# Thread: need to get the concept down...

1. ## need to get the concept down...

Evaluate the integral.

2. Okay I'm going to have to assume you know how to deal with expression in the form of $\displaystyle \int_{}^{}{ae^{bx}}dx$ If you don't just say.

Now to integrate $\displaystyle 3^x$ we just need to rewrite it as e raised to an particular power, consider $\displaystyle y = 3^x$ then $\displaystyle ln(y) = ln(3^x) .... ln(y) = xln(3)$ now we just antilog both sides so $\displaystyle y = e^{xln3}$

so you understand how to write $\displaystyle 3^x$ as $\displaystyle e^{xln3}$

so to integrate you just use the chain rule backwards $\displaystyle \int_{}^{}{e^{xln3}}dx = \frac{e^{xln3}}{ln3} = \frac{3^{x}}{ln3}$

now in general $\displaystyle \int{a^x} dx = \frac{a^x}{lna}$

3. cool response, but it doesnt work.... F(3)-F(1) isnt' the right answer.....

4. $\displaystyle (a^x)'=(e^{x\ln a})'=a^x\ln a.$

Integrate both sides

$\displaystyle a^x+k_1=\int a^x\ln a\,dx\,\therefore\,\frac{a^x}{\ln a}+k=\int a^x\,dx.$

So $\displaystyle \int_1^33^x\,dx=\left.\frac{3^x}{\ln3}\right|_1^3$

What's the problem with this?

5. I get 21.84 when I plug that in, and when I try to submit it for my online homework..... I get a red X (I have a hundred submissions though)..... is this a serious problem?

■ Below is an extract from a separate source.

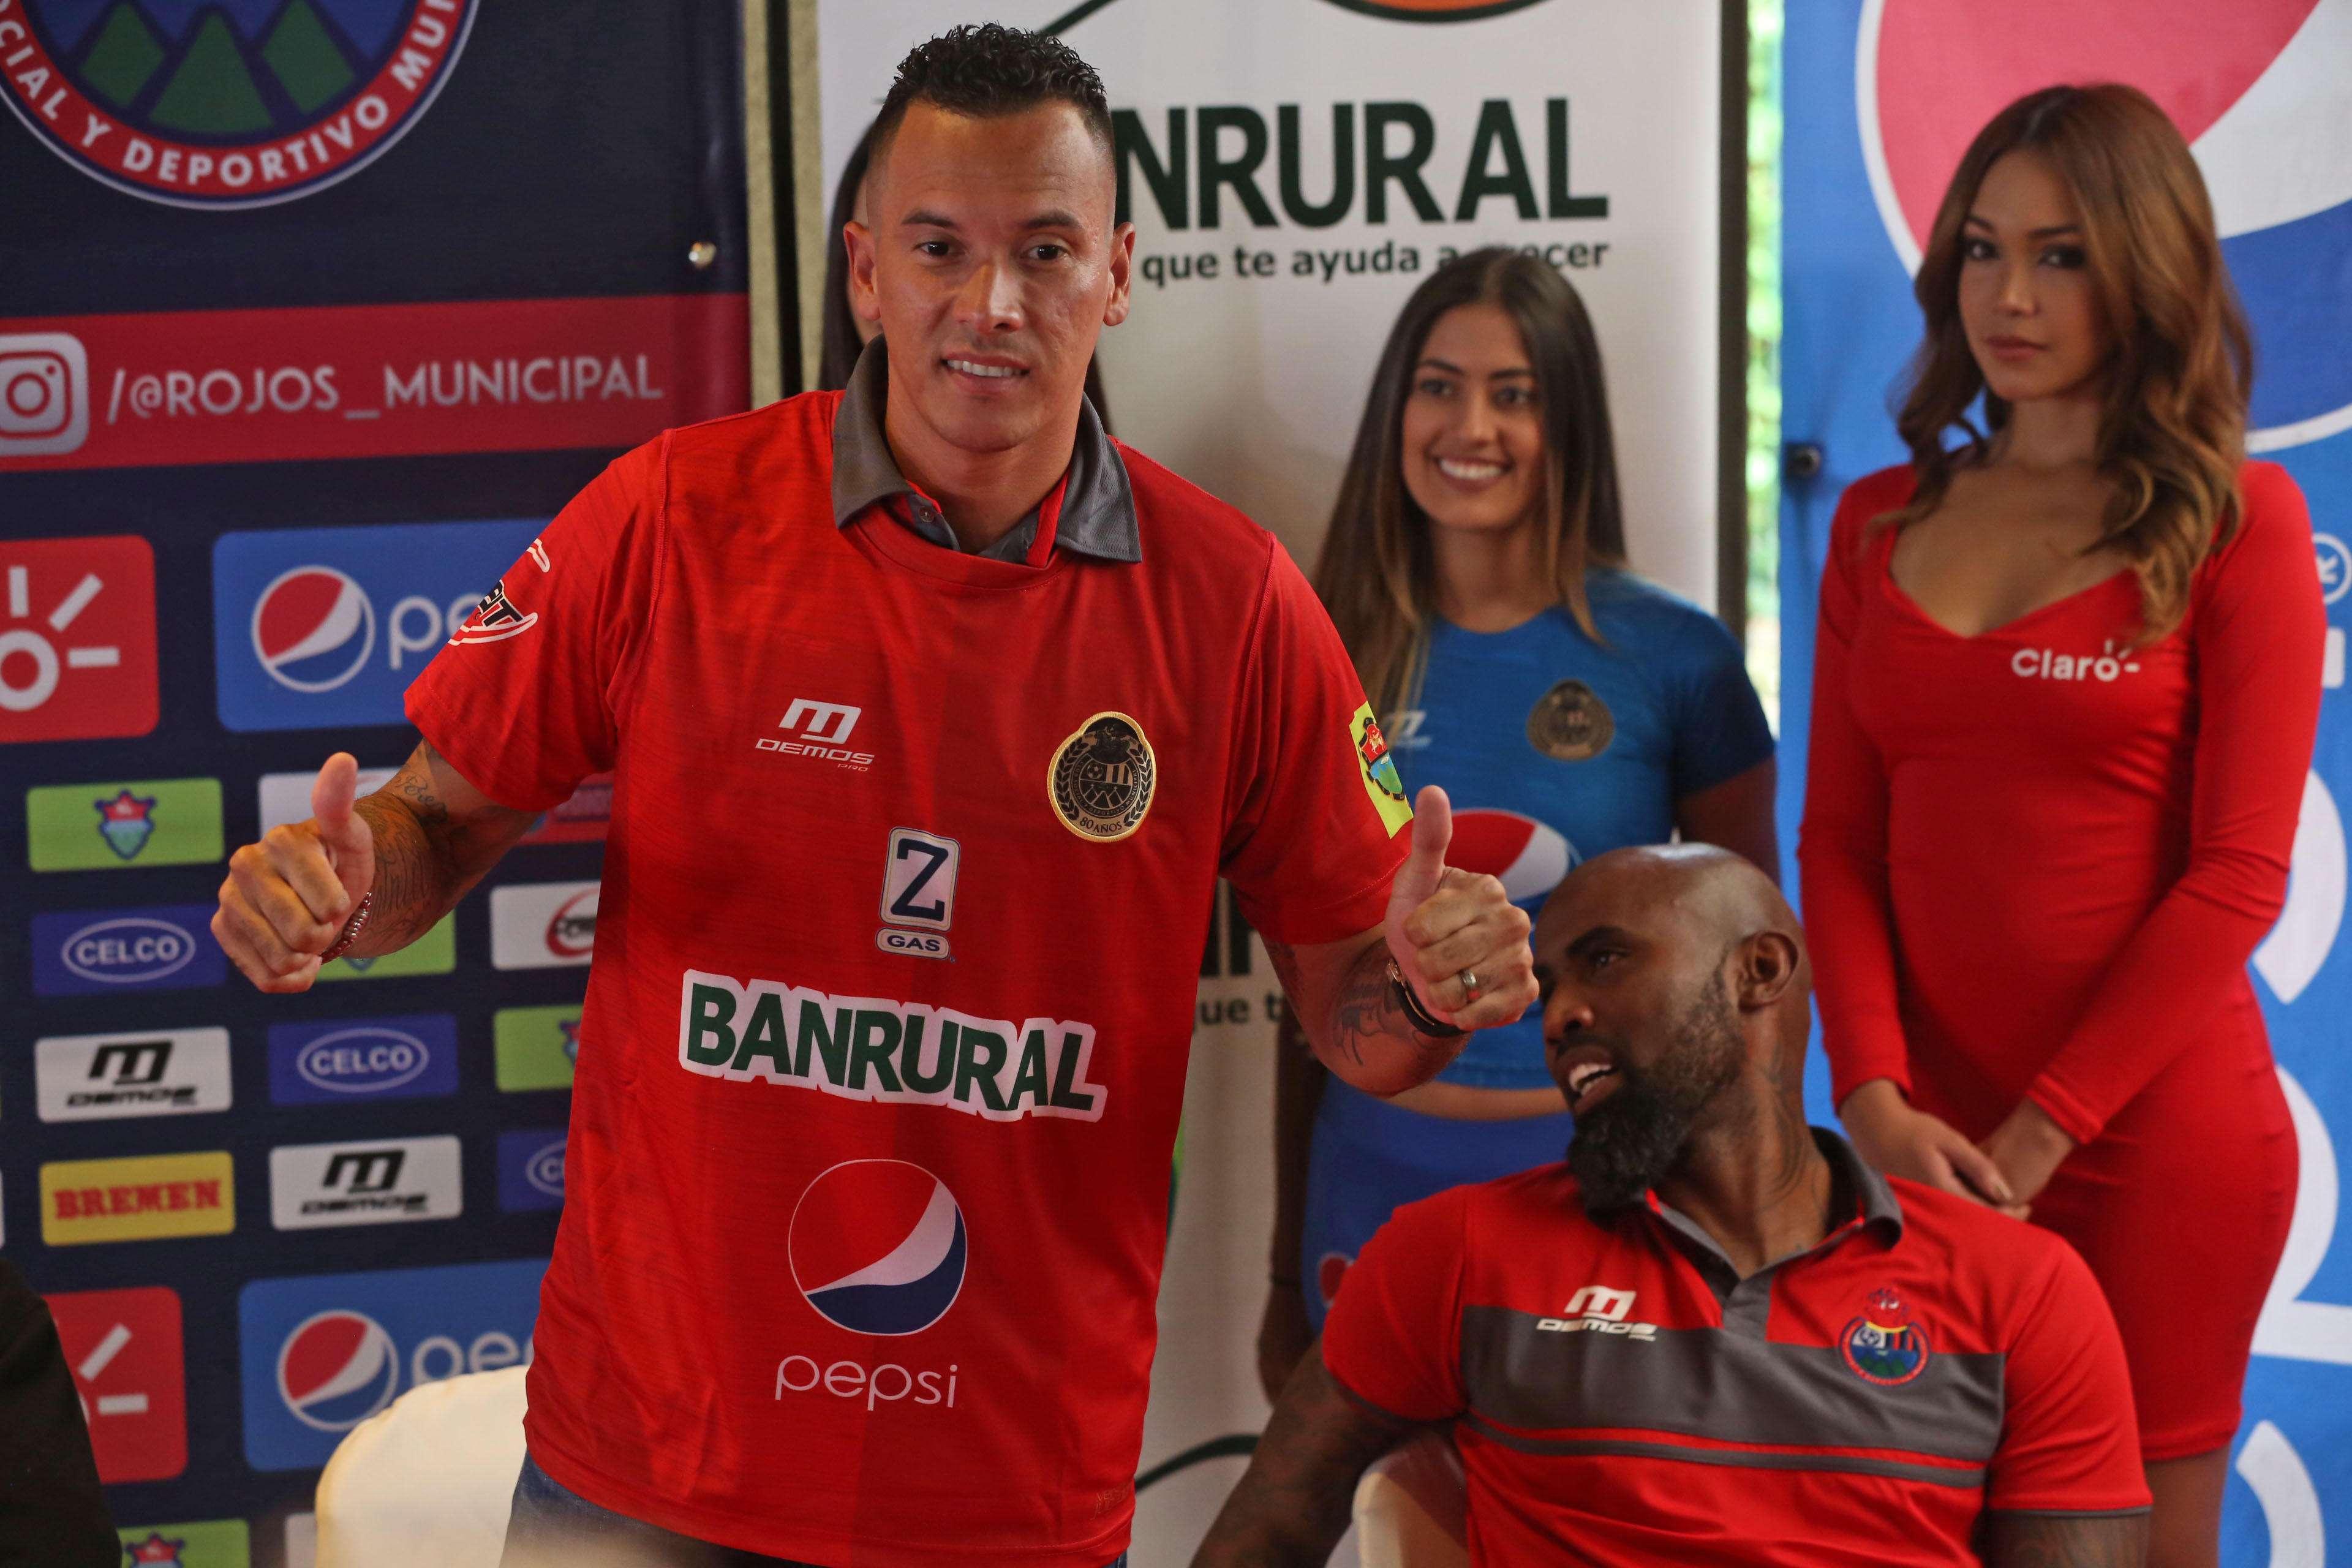 Blas Pérez (izq.) posa con su camiseta del Municipal. Foto: EFE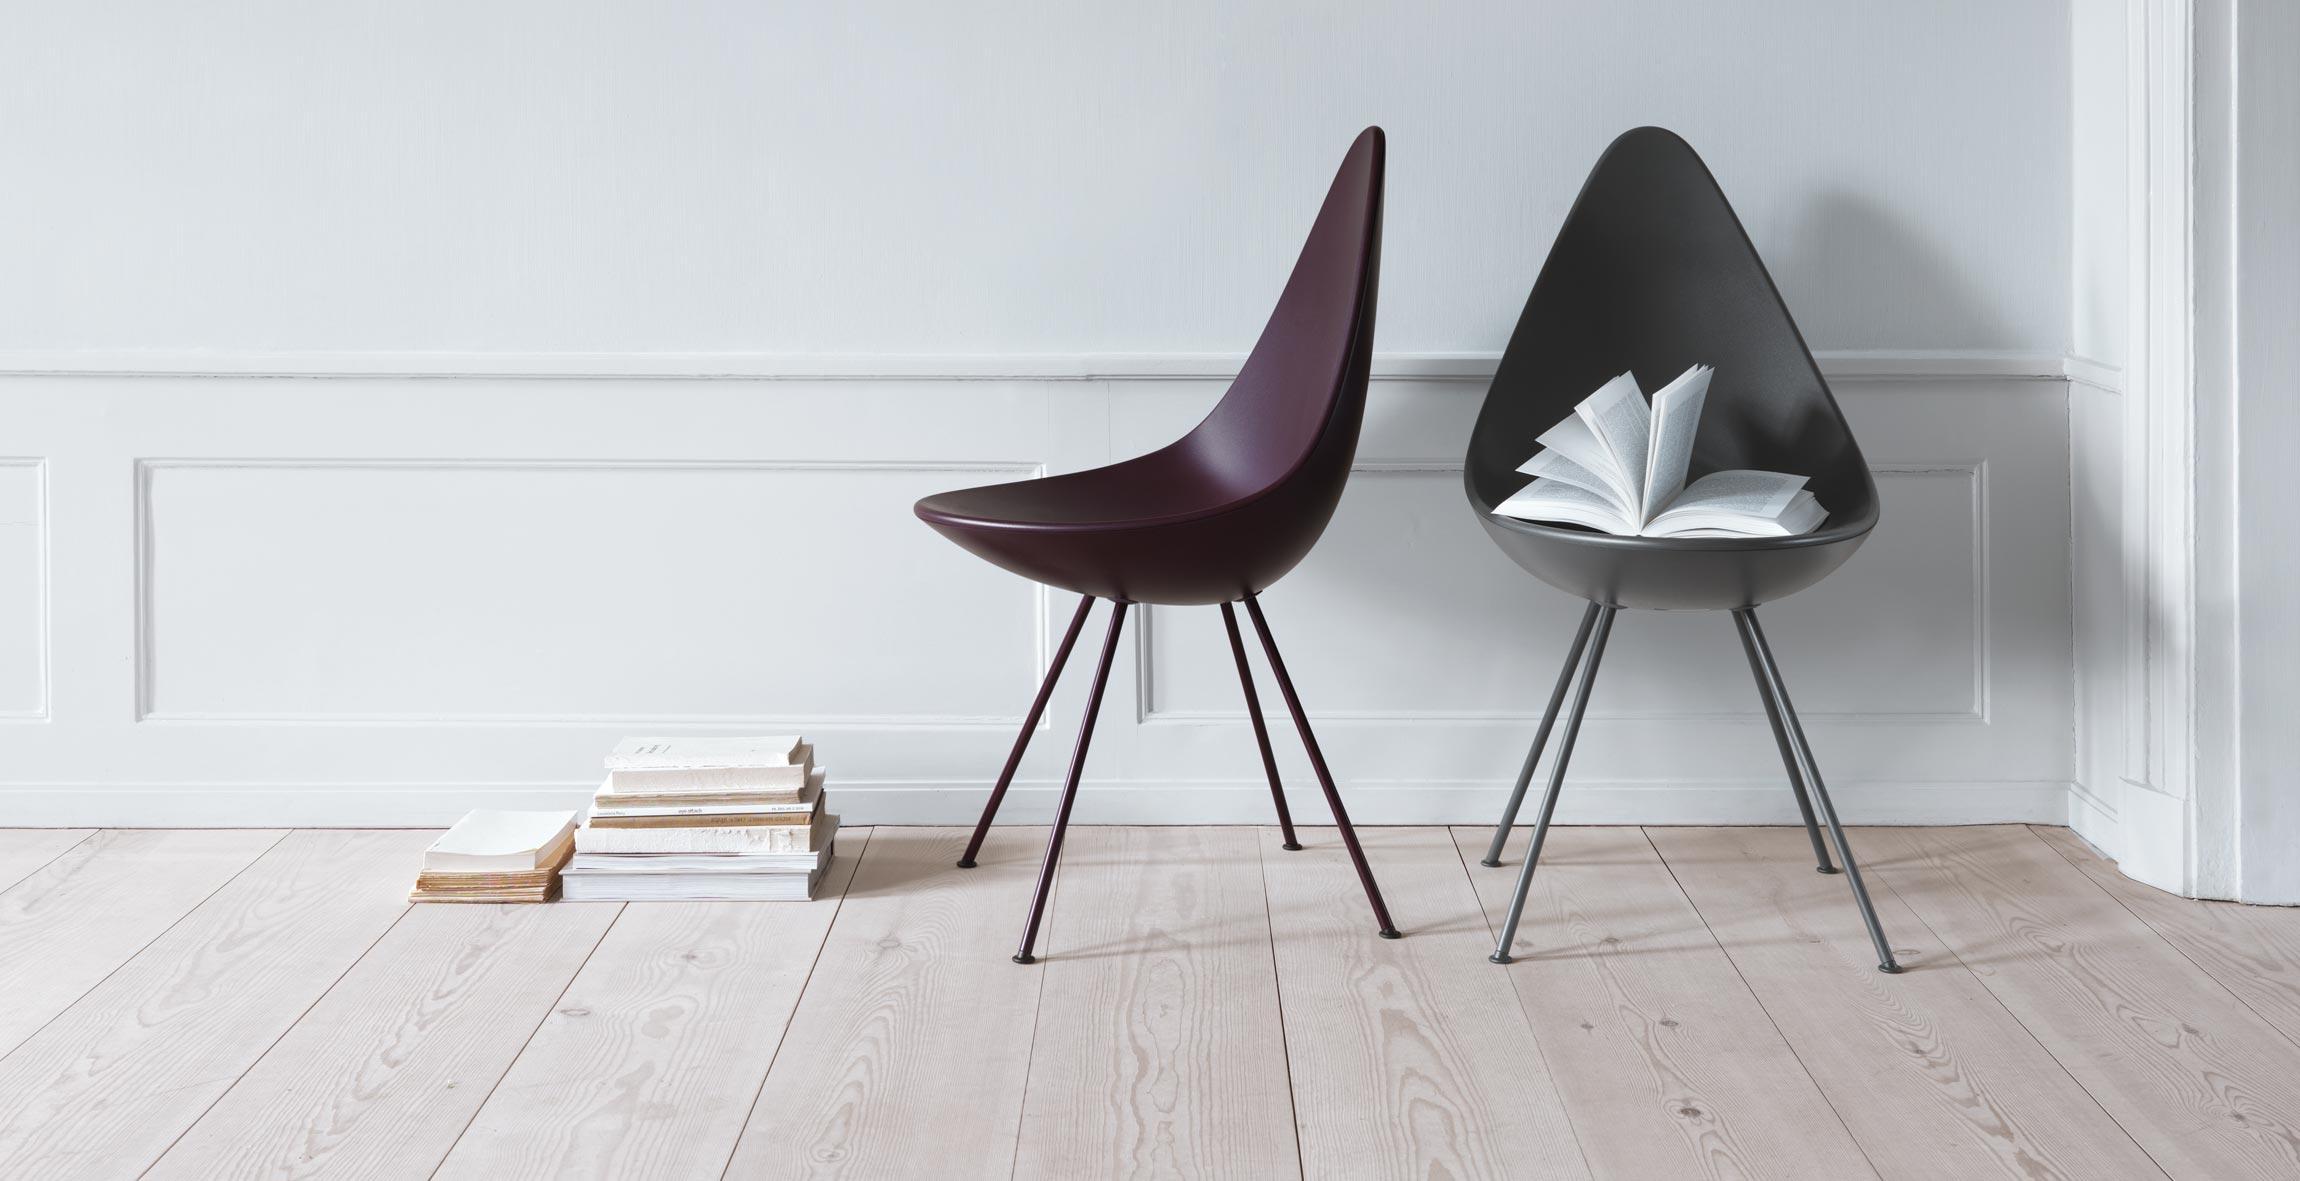 Fritz Hansen Drop Chairs Burgundy & Shadow Grey

6. Originally Posted by winterwyrm
I get 21.84 when I plug that in, and when I try to submit it for my online homework..... I get a red X (I have a hundred submissions though)..... is this a serious problem?
can't you enter exact answers? or does the system accept decimal approximations? (it would be 21.85 to two decimal places)

7. its wrong... 22, 22.9, 21.85, even 21, and 23....

8. Originally Posted by winterwyrm
its wrong... 22, 22.9, 21.85, even 21, and 23....
check again to see if you wrote the right question, because i see nothing wrong with the responses given. did you try typing in 24/(ln 3)? this is definately the right answer for the question asked

9. that worked! THanks so much!! I was so confused!!